The script was posted off to the BBC Talks Department, and the couple waited in hope and mounting penury for the reply. But no reply came, and soon Gerald was mooning about the tiny flat just as before. ‘You do realise, don’t you, that Larry has had many things rejected,’ he told Jacquie. ‘So don’t pin your faith on one little talk.’ Later, inexplicably, he said: ‘Why don’t you have your hair cut? I’m tired of you looking like a central European refugee.’ Without more ado Gerald and Margaret took Jacquie to the bathroom and sheared her locks off with a pair of scissors. By the time they had finished she looked more like a boy tha
n ever, but she and Gerald were pleased with effect, which emphasised her elfin good looks. Jacquie was to wear her hair short for ever more.
Finally, in the autumn, they received a letter from a Mr T.B. Radley, a BBC talks producer. He had read the hairy frog script and enjoyed it very much, he wrote. In fact he thought it was quite delightful. Could Mr Durrell give him a ring at Broadcasting House so that they could discuss it further? There was great excitement at 51 St Alban’s Avenue – but no phone, so they all rushed down to the off-licence where Leslie lived with Doris. In some trepidation Gerald picked up the handset, dialled the number he had been given and was put through. Yes, Mr Radley confirmed, he wanted to broadcast the hairy frog script. The fee would be fifteen guineas, and he wanted Gerald to read the script himself.

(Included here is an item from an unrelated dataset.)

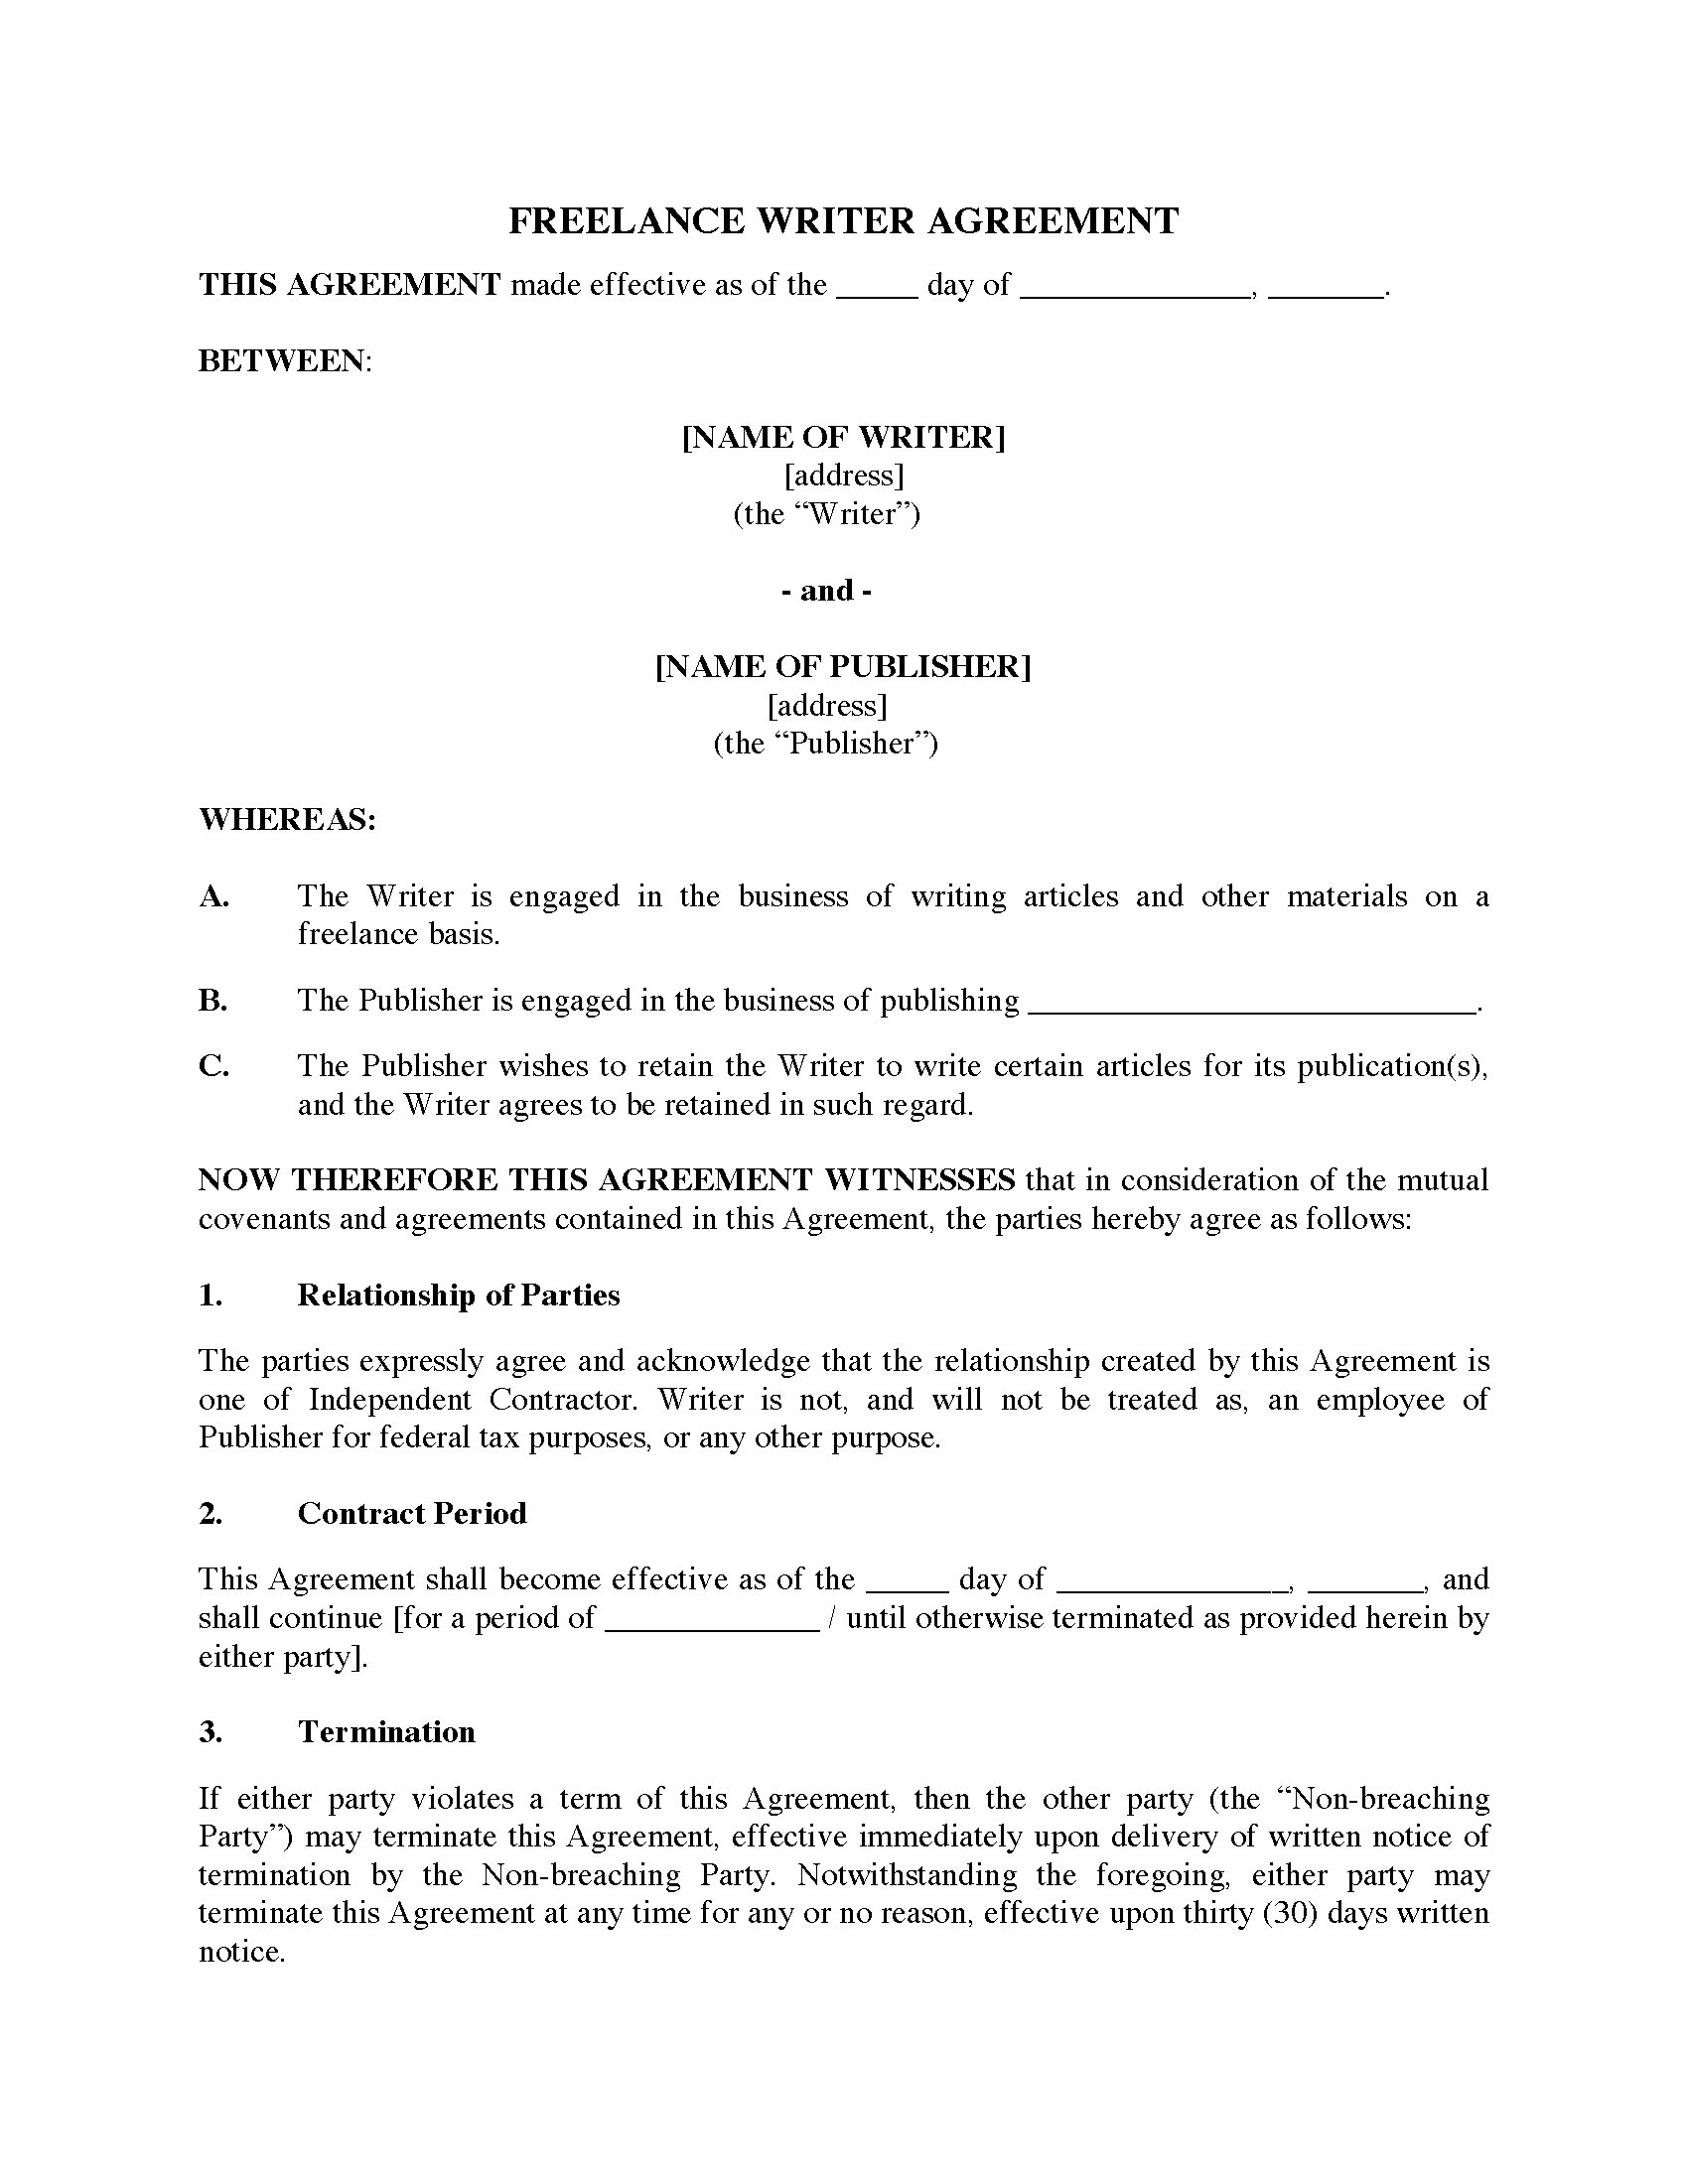 Freelance Writer Agreement  Legal Forms and Business Templates Intended For freelance writer agreement template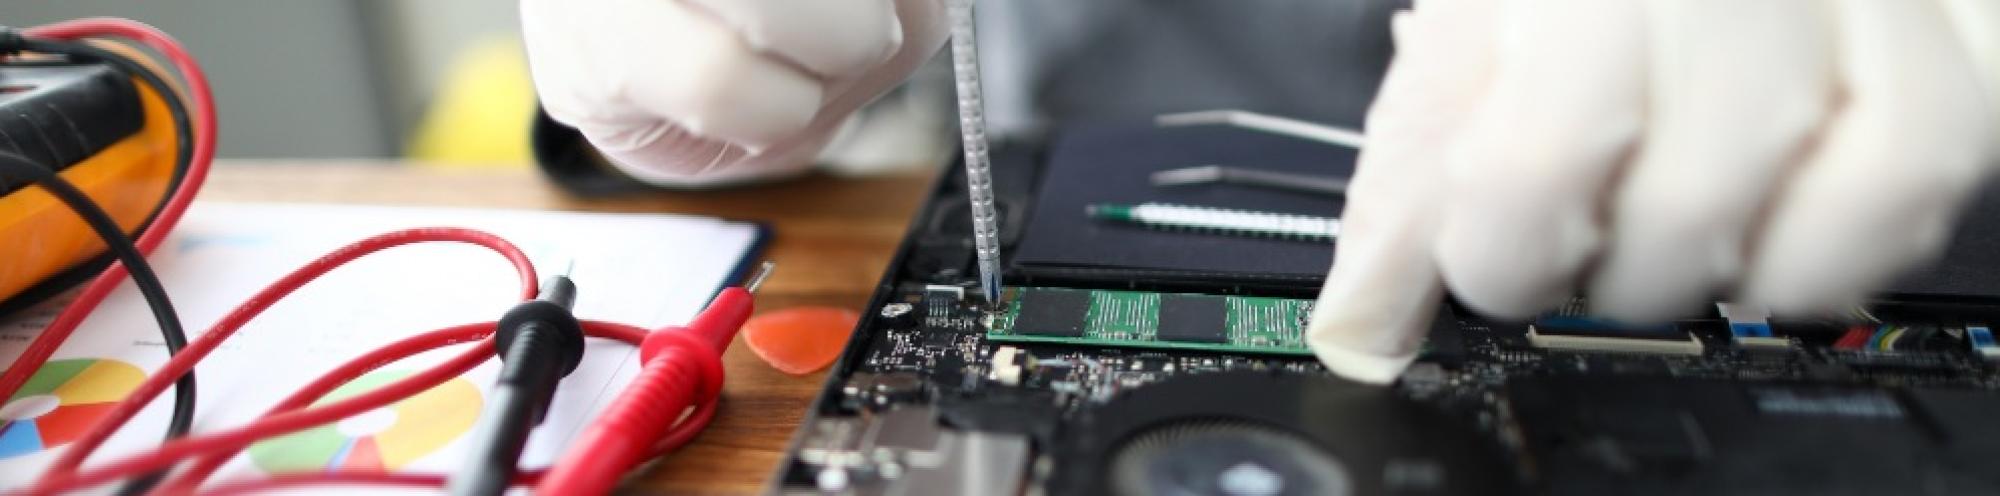 Image of a laptop being fixed

On Friday, 7 December 1951, Gerald travelled up to London for an hour’s rehearsal in Studio 3D. On the following Sunday, 9 December, he did the real thing in Studio 3G, and the talk was beamed out live on the Home Service to whoever in the kingdom happened to be sitting near a radio set between 11.15 and 11.30 that wintry morning. Gerald proved to be a natural broadcaster, with a warm, engaging, curiously charismatic baritone voice not unlike that of Dylan Thomas, who was also broadcasting stories and poems around that time.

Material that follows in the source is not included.